Notes from a {prole} writer in Minneapolis
- Forrest Lonefight
- Jan 13
- 2 min read
1/13/26
Notes from a {prole} writer in Minneapolis
Driving through the streets of Minneapolis at 3 AM. Feeling the things that transpired the day before—feeling dread.
Driving past the lit runways of the Minneapolis airport, squealing past the exit at Fort Snelling, I’ve never felt so targeted in my life. They’re tracking all my browsing data at Sweetwater and Neural DSP and planning my imminent kidnapping. “Them Indians don’t know how to play guitar! He’s a woke antipha!”

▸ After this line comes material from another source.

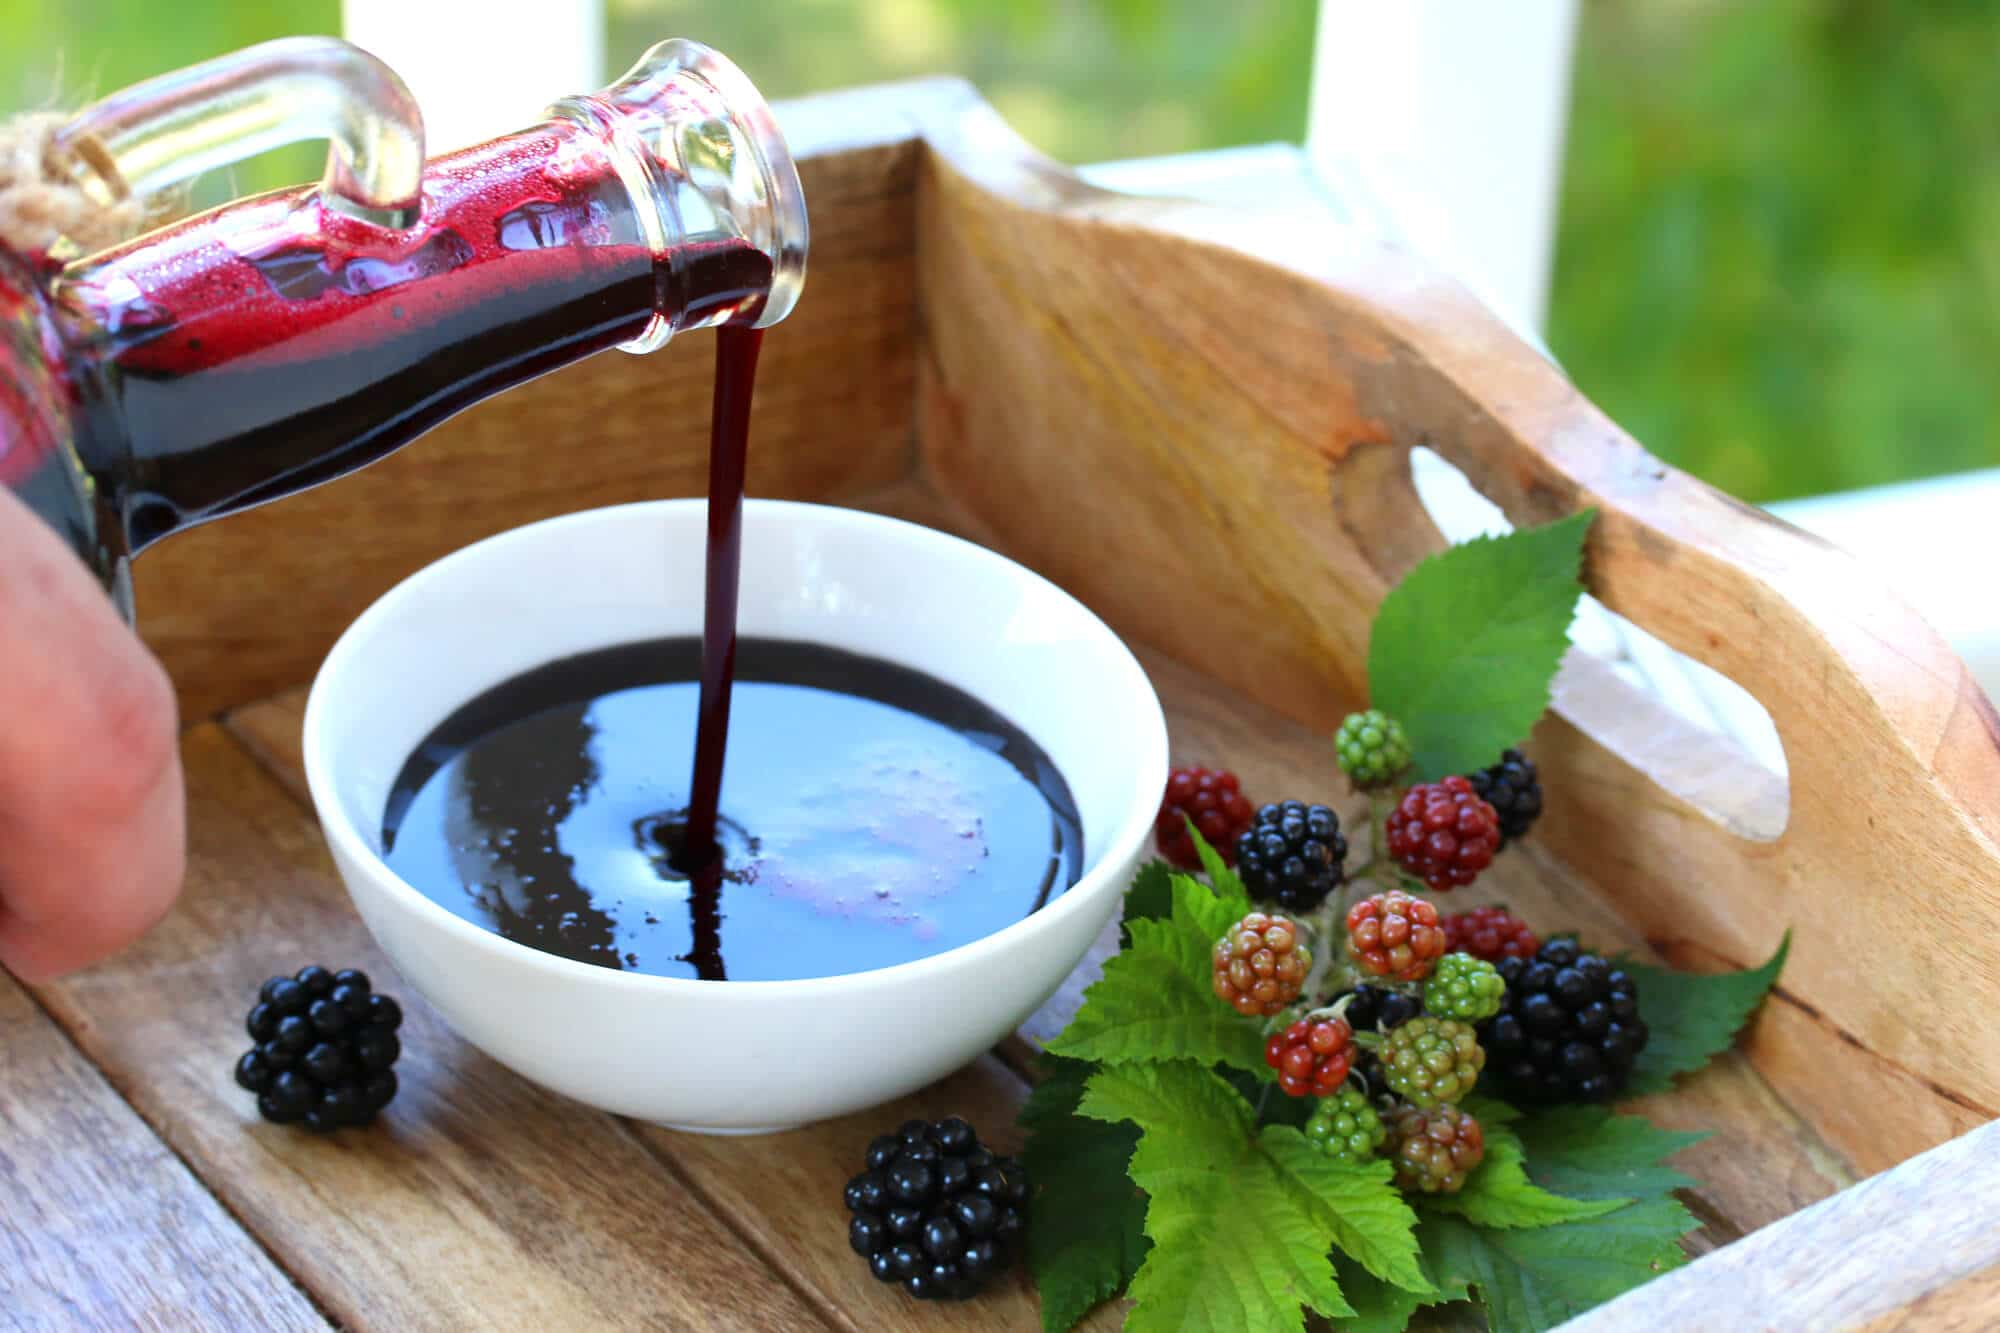 blackberry syrup recipe homemade

But I do find humor in these dire situations. When I first got sober in 2017 that’s when I first began to feel everything in society cave in. It was then I had that feeling like I was in the invasion of the bodysnatchers and Black Flag’s song “my war”, the refrain of that song was playing through my head; “you’re one of them, you’re one of them.”Because the real pivotal moment that started this whole gay-assed maga movement, for me, was the vision of that Virginia Nazi—KKK whatever rally when a bunch of pink-skinned dudes were chanting: “Jews will not replace us. Jews will not replace us…” Flash forward 9 years later they’re finally getting their wish of their gestapo ethnic-cleansing—and they are led by a Jew.
How is that for irony?
Natives generally find humor in everything. I guess that’s how we were able to cope through generational trauma. That term isn’t just some woke ideology. It’s a very real thing. I am still recovering. It’s taken me 46 years of existence to finally love myself and to acknowledge the power I have and to use the tools that I have available to better my life.
So, ice(aka the pedophile protectors) are now snatching innocent people off the streets. Upending everyone’s lives. At this Am hour, perhaps I should try some of that vitriol for myself. I’ve never owned a gun—so maybe it’s time.
I never wanted a gun since I was 16, since after a child-molesting cousin (dead to me—and is a native cop-wannabe maga) blew away his own little brother with the same childish temperament as other deviants of his kind. dylan wanatee. Oops.
He never did time for that crime or the subsequent sexual deviance. It was accepted, small town acceptance as well as his entire family too. (yes his dad and brothers are known sexual predators.)
Saying his name makes me sick, but I moved on years ago; Perhaps it’s the Virginia Giuffre mandate to expose the little child and sexual predators in our lives for casting too-big shadows over us all.